The tax credit ingredient was then thrown into the pot, on top of the merger and the additional responsibilities. The Revenue had to run the most complicated financial interface between citizen and state—the tax credit system, which has displaced the Child Support Agency as top of the problems that MPs deal with in their advice bureaux. Ministers must take responsibility for the consequences of new responsibilities and the merger.
That leads me to my second point, which is on resources. In the 2004 spending review, the administration budget for all the Chancellor’s departments was flat in nominal terms. A saving of 16,000 posts was pencilled in. Under the 2007 comprehensive spending review, departmental expenditure limits will decline by 5 per cent. a year for the next three years. That is a challenging settlement. The Chancellor had to pencil in those savings to make the sums add up, but I wonder whether they were thought through, and whether they are really
deliverable. The Treasury Committee, which undertook a report on the efficiency savings in the Chancellor’s Budget, concluded:
“Evidence received...shows that the indicators used...to measure the quality of...services are not adequate to assess the experience of service users, and in particular are not adequate to measure the extent to which its services meet the...needs of its...client groups”.
That leads on to my last point about management and morale. There have been all sorts of warnings on that score. The tax faculty of the Institute of Chartered Accountants said:
“We are concerned that post merger the overall management structure of HMRC lacks clarity and focus. The lines of management accountability and responsibility are not always clear, either it seems to HMRC staff or to external stakeholders.”
The Chartered Institute of Taxation gave evidence to the Committee in January, and said:
“we do have concerns about the current position of HMRC and their progress. We see them as an organisation that is under considerable pressure.”
In my view, there is an audit trail involving policy, resources and leadership that leads back to Ministers. They cannot divorce themselves from the consequences of what happened down the line in the post room in Washington.

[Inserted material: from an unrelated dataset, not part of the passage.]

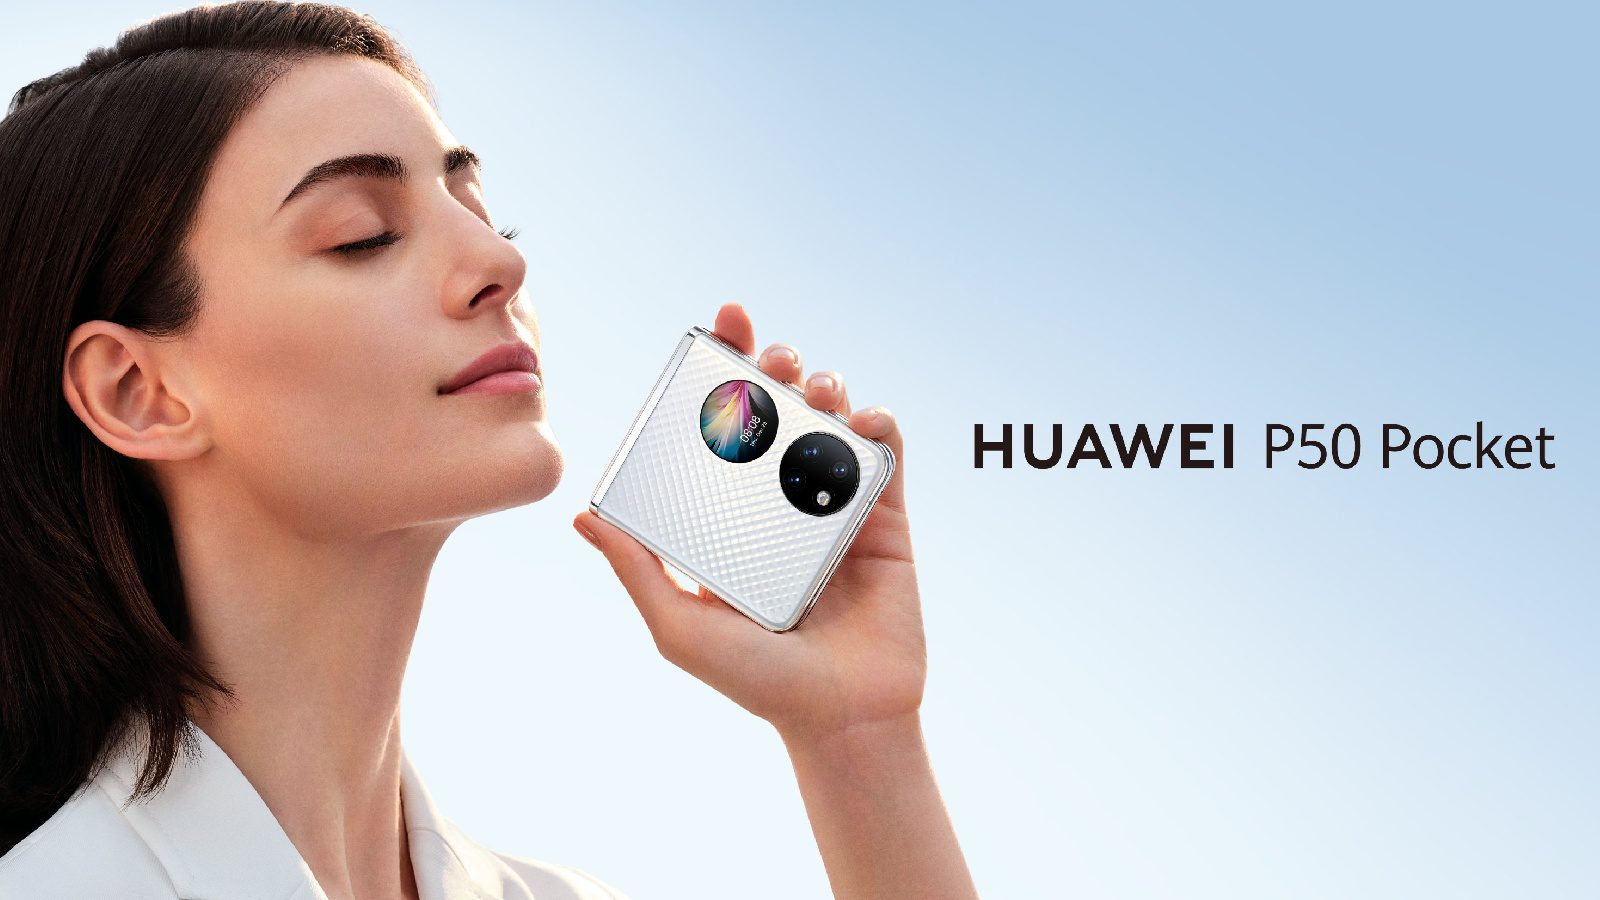 Официально представлен новый карманный смартфон Huawei P50 с 6,9-дюймовым сверхгибким экраном

Finally, what conclusions should we draw? We need to await the inquiry, but I think that we can anticipate what it will say. It will be like other inquiries, such as those on transport or social services: it will say that primary responsibility rests with the individual who breached the regulations, as with the engine driver who went past a red signal, or the social worker who did not insist on seeing for herself the child on the at-risk register. However, those other reports went on to say that the signal was in the wrong place and the driver was not trained properly, and that the social worker had too many cases, but that their manager did not pick up on that. In that way, the trail goes up the management line. My money is on the same type of conclusion being reached in the case that we are considering. The Government have to be cautious about grandiose schemes, pencilling in large savings, major reorganisations, and ignoring warning signals—of which there were many. At the end of the day, the buck has to rest with Ministers, who should not resile from their responsibilities.